Recent studies showed that ACP phenotypes are more heterogeneous than previously believed and that some manifestations may appear 10~20 years earlier before the onset of obvious neurological signs [17]. Neurological symptoms usually appear in the fifth decade of life. However, ACP patients with brain iron deposition without or with only very mild neurological symptoms even after 50 years of age have been reported. These findings suggest that genetic and acquired factors may partially modify neurolog-ic phenotype [17]. Clinically, diabetes may precede neurological derangements even by decades. However, the mechanism of pancreatic endocrine damage secondary to iron accumulation and toxicity in ACP is not clearly explained at the cellular and molecular levels. Because intracellular iron deposition in pancreatic endocrine cells has been reported in neither ACP patients nor mice models of ACP [9,18]. Islet β cell distress might be related to high sensitivity to iron toxicity or iron-deficient status induced by iron retention in the surrounding cells [19]. According to a case series review, around 60% of patients with diabetes require insulin treatment. However, about 10% of patients need only oral hypoglycemic agents or dietary therapy [14]. Our patient was also treated with oral hypoglycemic agents and lifestyle modification. We speculate that her family susceptibility, concomitant overweight, iron chelating therapy, and other unknown acquired factors may be involved in preserving β cell function. In the future, we should closely monitor her β cells function and aggravation of glycemic control requiring insulin therapy.

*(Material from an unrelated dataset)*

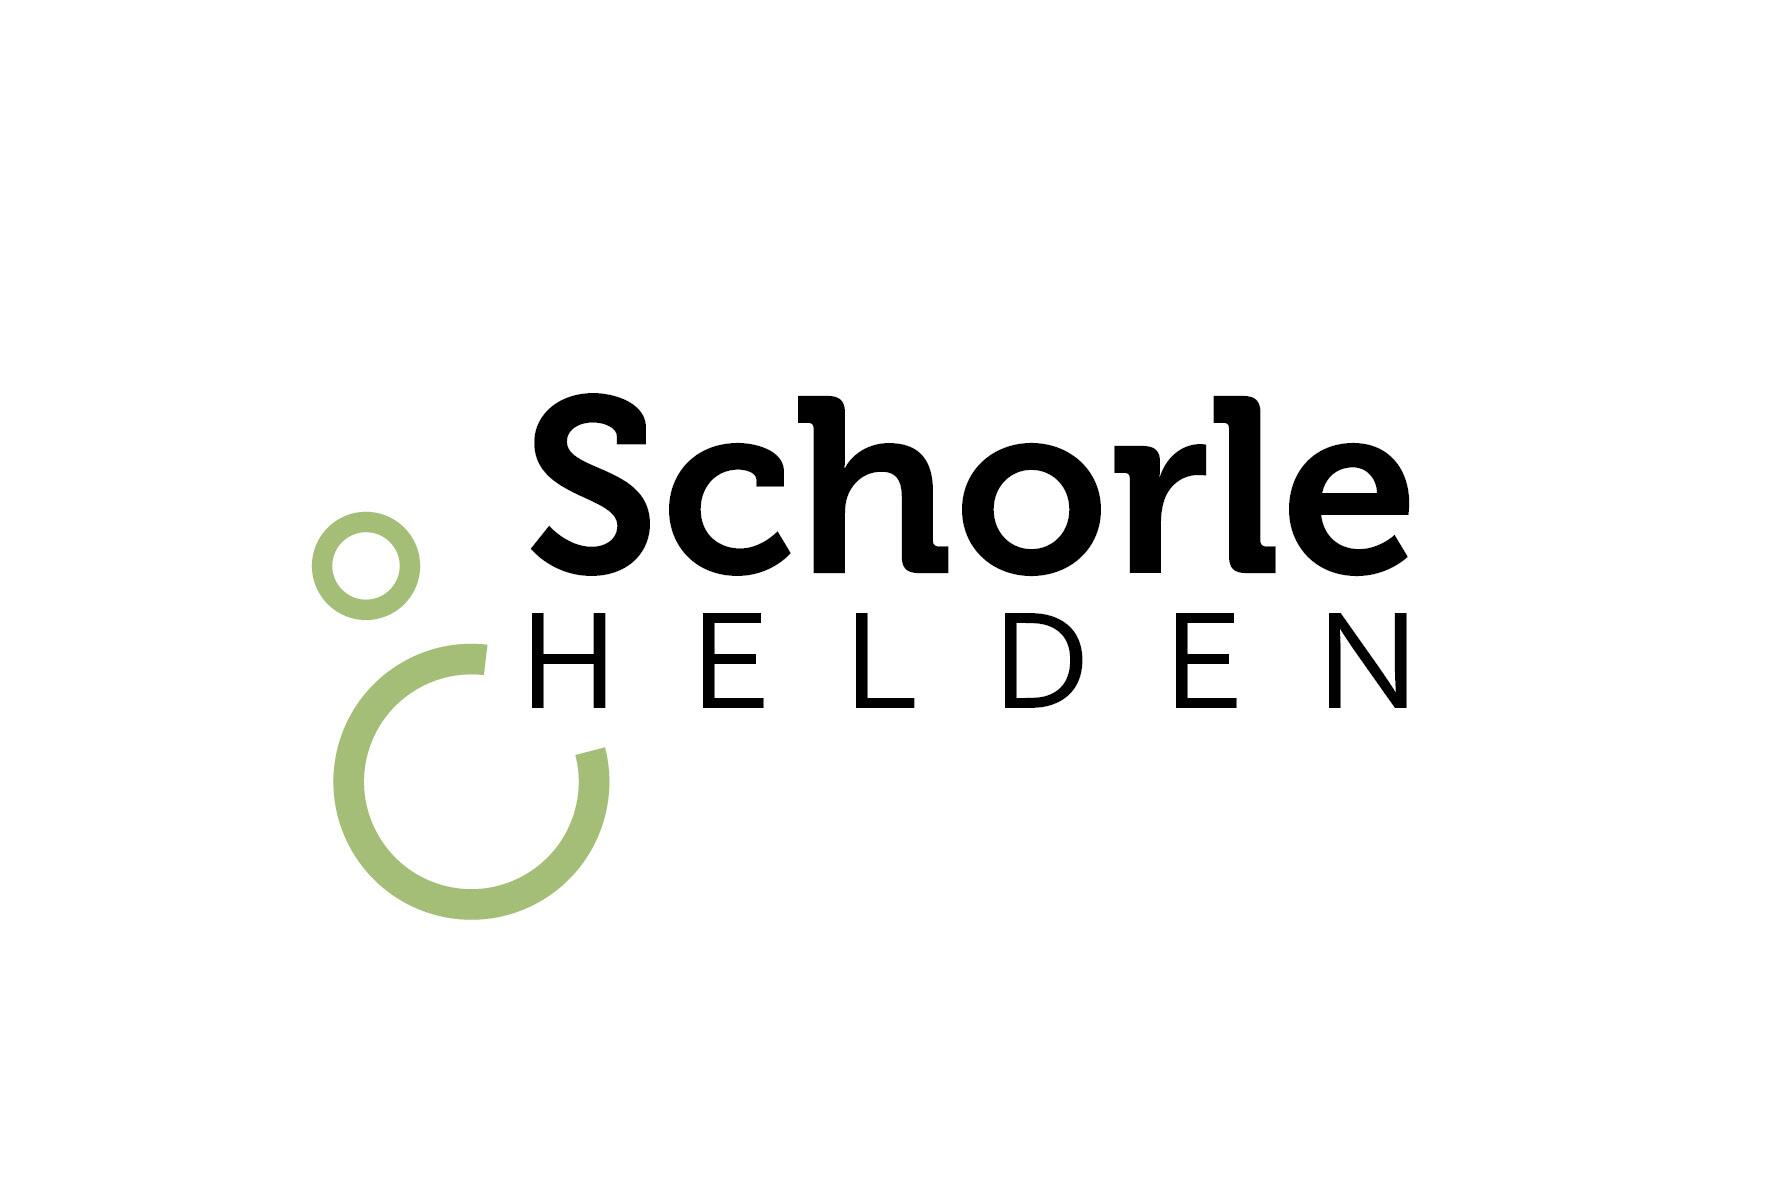 Schorle-Helden GmbH & Co.KG

Iron chelation therapy is the mainstay of treatment for ACP. Both desferrioxamine (parenteral) and deferasirox (oral) reduce serum ferritin levels and visceral (hepatic) iron deposition in ACP patients treated with iron chelation [5]. In patients with ACP, the initiation of iron chelation therapy has been associated with improved glycemic control [5]. Interestingly, iron chelation therapy has also been shown to potentiate islet cell survival and function in islet transplant re-cipients [20]. Further studies are required regarding the mechanisms leading to neurological manifestation and development of diabetes and iron chelation therapy efficacy.
In summary, physicians must keep in mind that type 2 diabetes may be the clinical manifestation of ACP with unexplained atypical anemia but without neurological abnormalities. Atypical anemia, often with microcytosis, low TSAT, and high ferritin and typical radiologic findings, are the best signs for early diagnosis of ACP to avoid treatment delay and neurological damage.